A Bayesian algorithm has been validated, which recognises that a definitive answer is not always possible for any given criteria. This unique algorithm relies on likelihood ratios and a pre-test odds ratio of 4 (representing the 80+ % chance a given WCT will be VT) to compute a final likelihood of VT from any number of its component criteria, and readily lends itself to the addition of new criteria as they emerge, though these would require validation in another cohort.9

Specific Noteworthy Ventricular Tachycardias

Three types of VT (right or left ventricular outflow tract VT, and fascicular VT) are particularly amenable to treatment by drugs, catheter ablation or both. These largely benign forms of VT are particularly important; their presence, in the setting of a structurally normal heart, is a contraindication for ICD implantation.21 Diagnosis of these forms of VT is more difficult than the VT-related to structural heart disease, because the QRS duration is comparatively shorter, VA conduction is often present (not dissociated), and many other criteria fail to distinguish these VTs from SVT (as in Figure 4). An additional VT-type, bundle branch re-entry (BBR), usually has an appearance indistinguishable from LBBB SVT (propagation anterogradely over RBB, retrogradely over LBB) and thus belongs in the general category of VTs that are difficult (if not impossible) to distinguish from SVT. While BBR VT is also quite amenable to catheter ablation, it generally occurs in patients with significant structural heart disease (cardiomyopathy); thus most patients with BBR VT also warrant ICD therapy.

Remaining Problems

Though published criteria to diagnose WCTs demonstrate admirable test characteristics in their initial reports, clinicians still have difficulty arriving at the correct diagnosis. Potential causes for this are many, including:

  • complexity of differentiation criteria;
  • unfamiliarity with the criteria;
  • incorrect application of criteria (i.e. misreading a QRS duration); and
  • disbelieving the results of applying the criteria (“I know everything points to VT, but he looks so good that it must be SVT”).

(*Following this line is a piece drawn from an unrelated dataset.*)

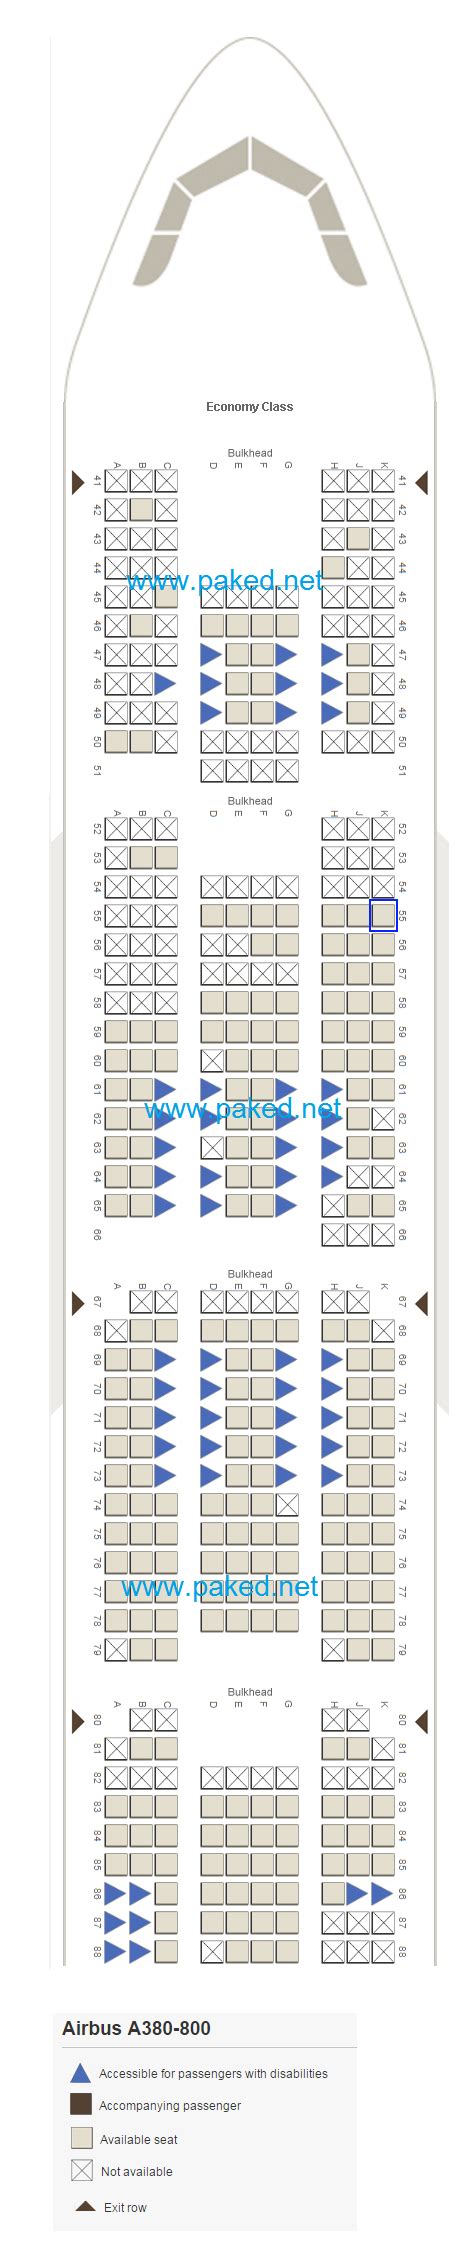 Emirates Airbus A Seat Map Updated Find The Best Seat Seatmaps Sexiz Pix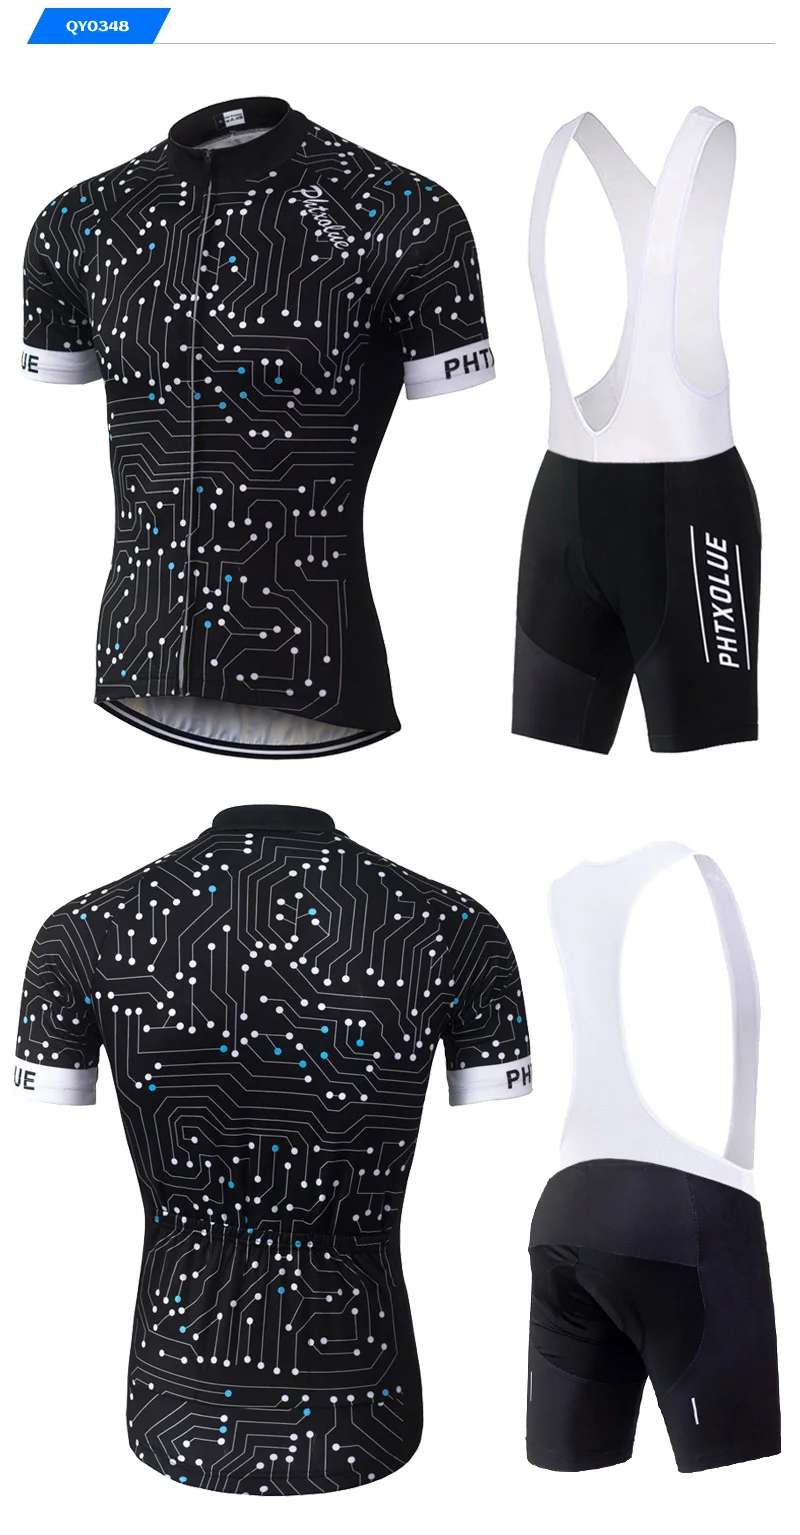 Phtxolue Мужская велосипедная Джерси Набор Pro Team дышащая велосипедная одежда для горного велосипеда велосипедная Одежда для велоспорта

Certainly, the very simplified criteria set forth by Vereckei and Pava in recent years go a long way toward rectifying the first two obstacles to correct diagnosis, but remedies for the other shortcomings may not be as readily forthcoming.


The diagnosis of VT has undergone evolution and development in concert with the field of cardiology itself, but the necessity of a correct diagnosis remains unchanged. The world has not yet seen the ‘one criterion to end all criteria’, and it seems unlikely to appear in our near future. Until that time, maintaining familiarity with several of the available criteria will assist any provider in delivering the proper care when it is needed most. When all else fails, it is wisest to treat the patient initially as though the diagnosis was VT (which, as noted, is correct about 80 % of the time) and leave the fine-tuning of diagnosis and long-term management plan for later.